West Timor refugee camps must close: Indonesia
West Timor refugee camps must close: Indonesia
SINGAPORE (Agencies): Indonesian Foreign Minister Alwi Shihab
said on Friday deadly militia attacks in East Timor can be
stopped by closing down massive refugee camps and his government
will ensure this is done.
Alwi said Indonesia was formulating a plan to close camps in
West Timor and would call on international agencies, including
the United Nations, to help set up a registry for the subsequent
repatriation of people wanting to return to East Timor.
"There is a problem with even registration, but now with the
determination of the Indonesian government, we should have it
done," Alwi said in reply to questions after a speech organized
by local think-tank, the Institute of Defense and Strategic
Studies.
"We will do our utmost to get the registration done, no more
militias to detract the plan."
Tension has risen in the border area between East and West
Timor.
An upsurge in militia activity and border incursions led to
the death of a Nepalese UN peacekeeper on Thursday after a
gunfight.
The dead soldier was one of four Nepalese UN troops who were
wounded in the skirmish with a group of militia northwest of the
city of Suai.
This was the second UN peacekeeper to be killed in a direct
fight with militiamen in East Timor. A New Zealander was killed
on July 24 while tracking suspected pro-Jakarta militia near the
border with Indonesian West Timor.
On Friday, several dozen former members of the Aitarak
militia, blamed for much of last year's mayhem in East Timor,
taunted staff at the office of the UN High Commissioner for
Refugees and threatened to attack, spokesman Ron Redmond said.
"Indonesian soldiers in Atambua were called and the situation
was brought under control after several tense hours," he added.
Six staff were trapped for hours as at least 50 machete-
wielding militiamen besieged the office of the International
Organization for Migration, which is organizing the return of
refugees to East Timor, said its spokesman, Jean-Philippe Chauzy.
Alwi said he was deeply concerned with the death, and believed
closing the refugee camps would stop the violence.
The UN, which has 9,000 peacekeepers in East Timor, has lost
four other lives to either disease or accidents.

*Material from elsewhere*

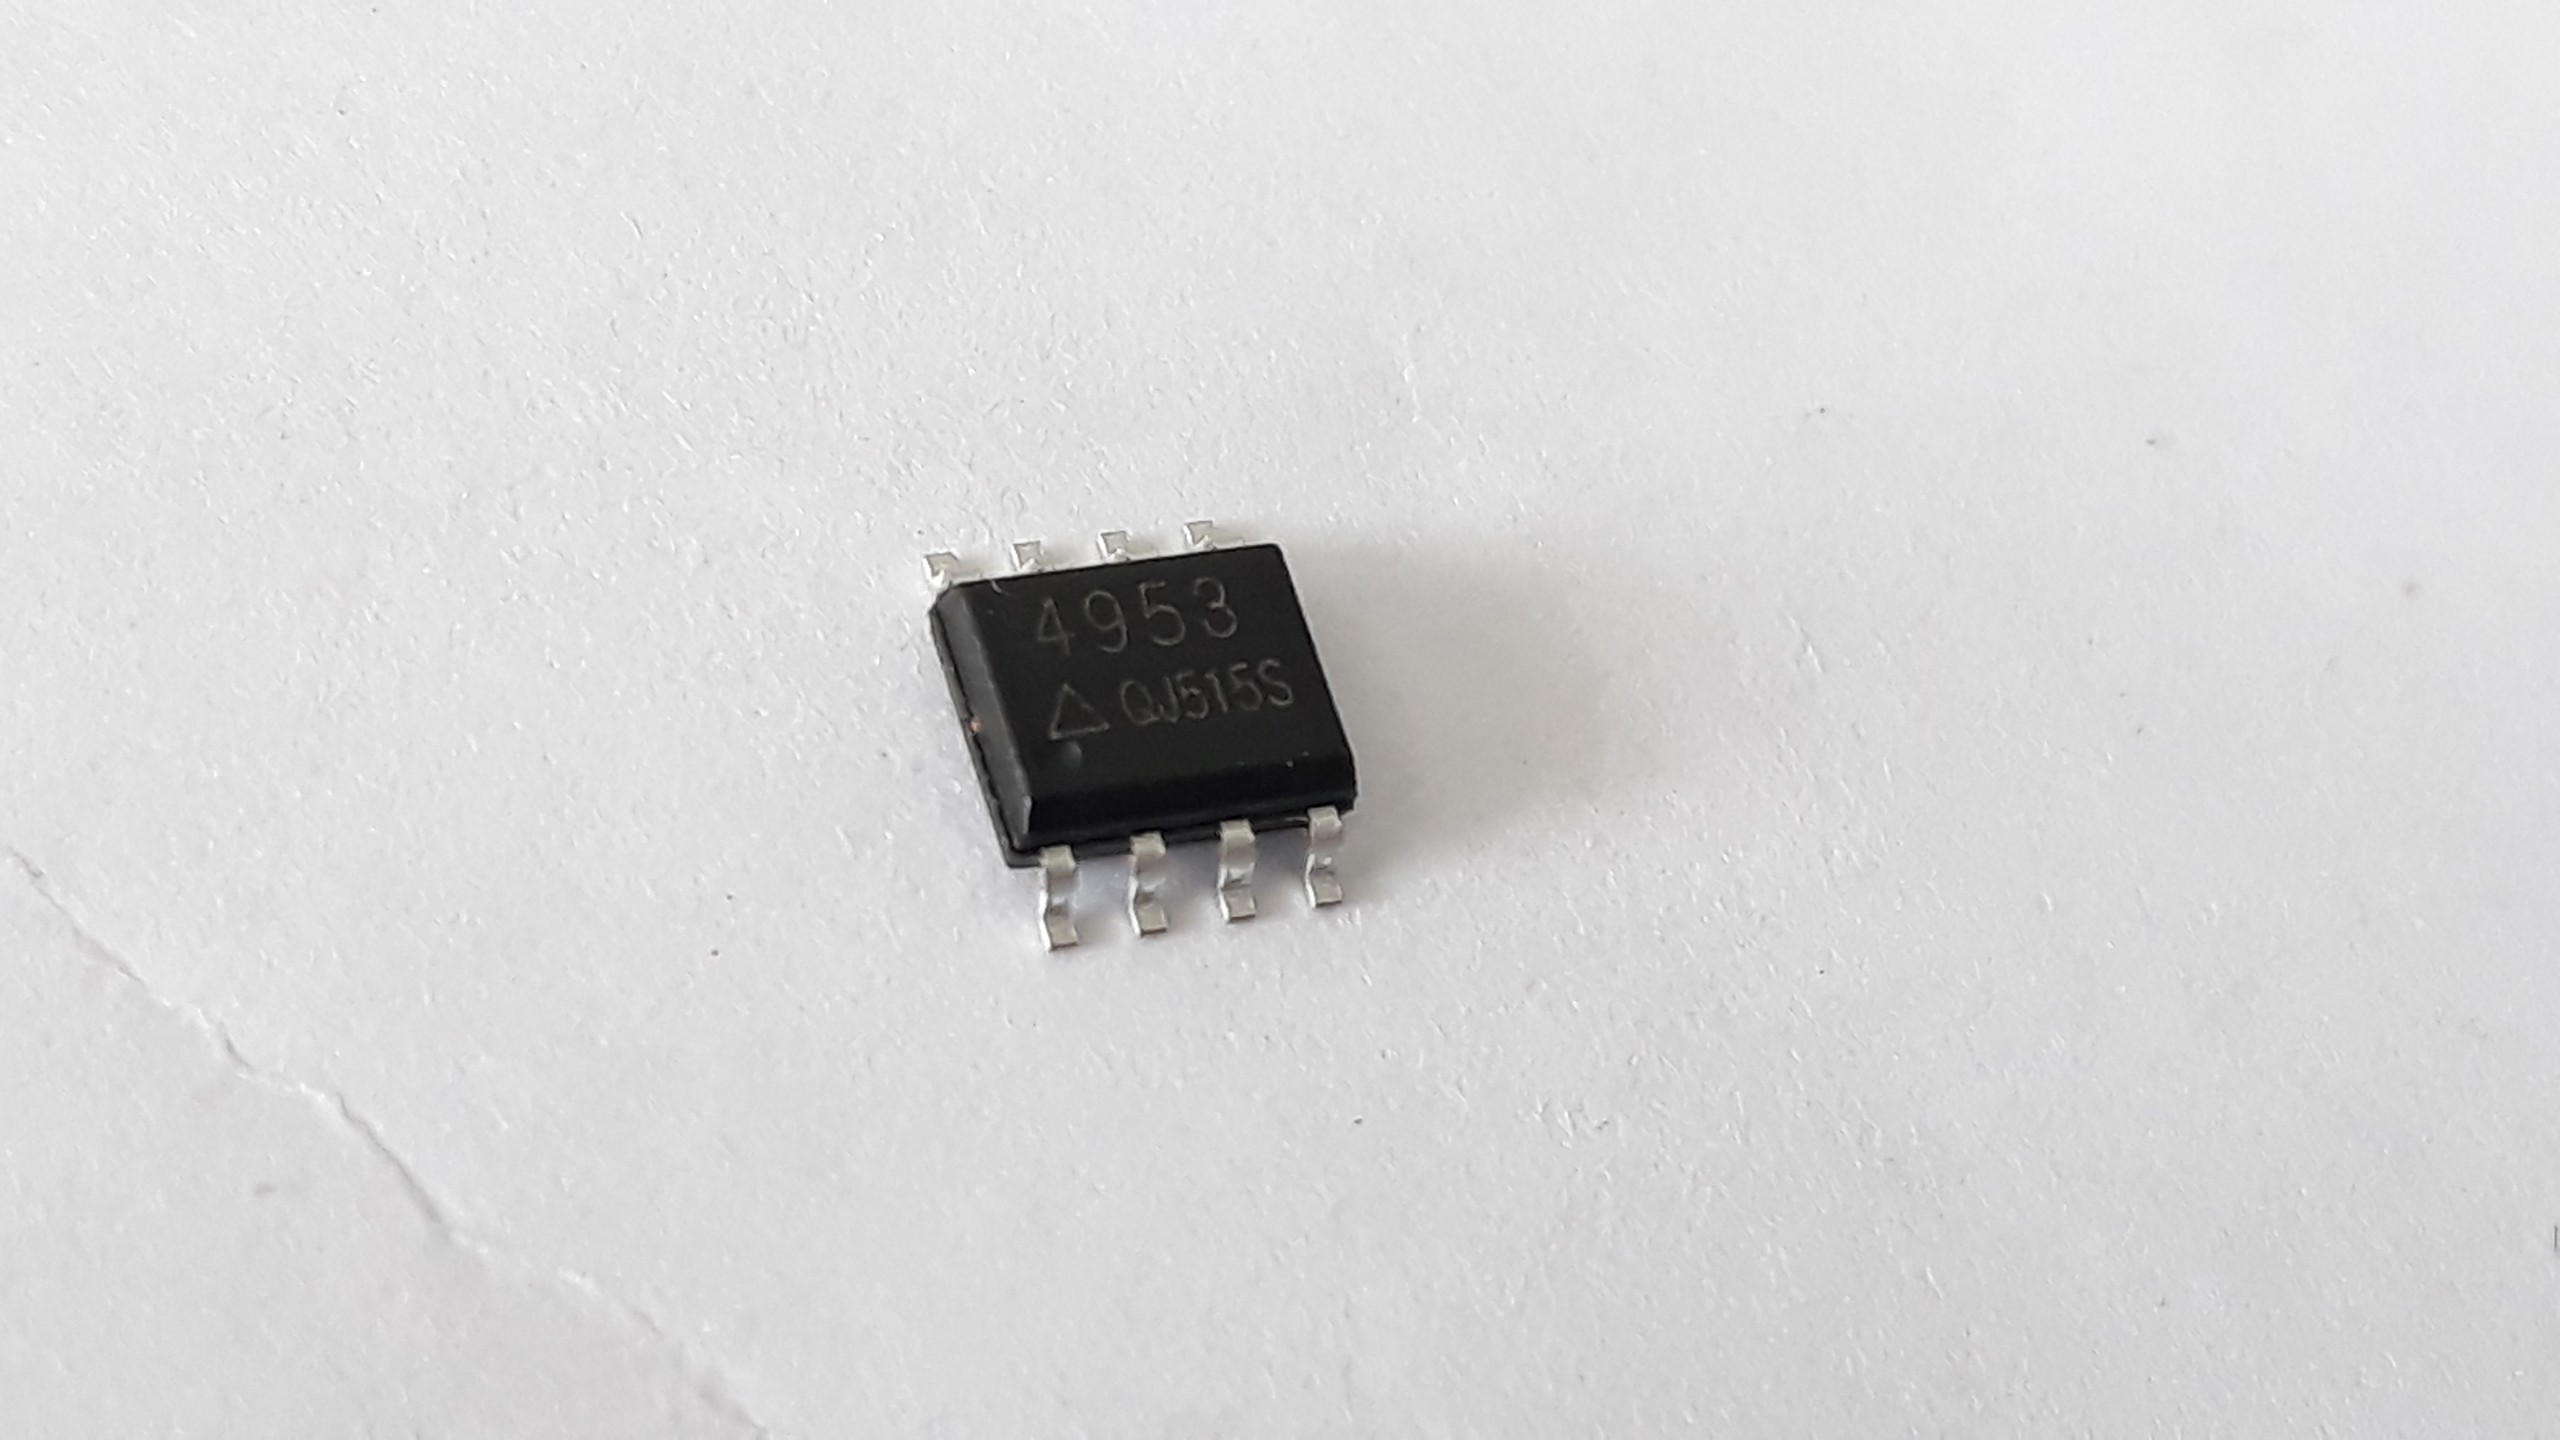 [HCM]Linh kiện sửa chữa màn hình led: IC 4953 quét ngang cho module led( combo 10 ic)

More than 200,000 people out of a population of 850,000 fled
or were forced to flee East Timor to the western part of the
island by army-organized militia protesting at an overwhelming
vote in favor of Independence from Indonesia last August.
Many of the people now live in refugee camps in West Timor
that are used as cover by militiamen intent on causing havoc in
East Timor.
Alwi said he had spoken with his diplomatic counterparts in
the region and had won their backing that the way to rid the
violence was to clear the refugee camps.
"By closing down the camp, the source of all those problems --
killing, tension could be abated," he said.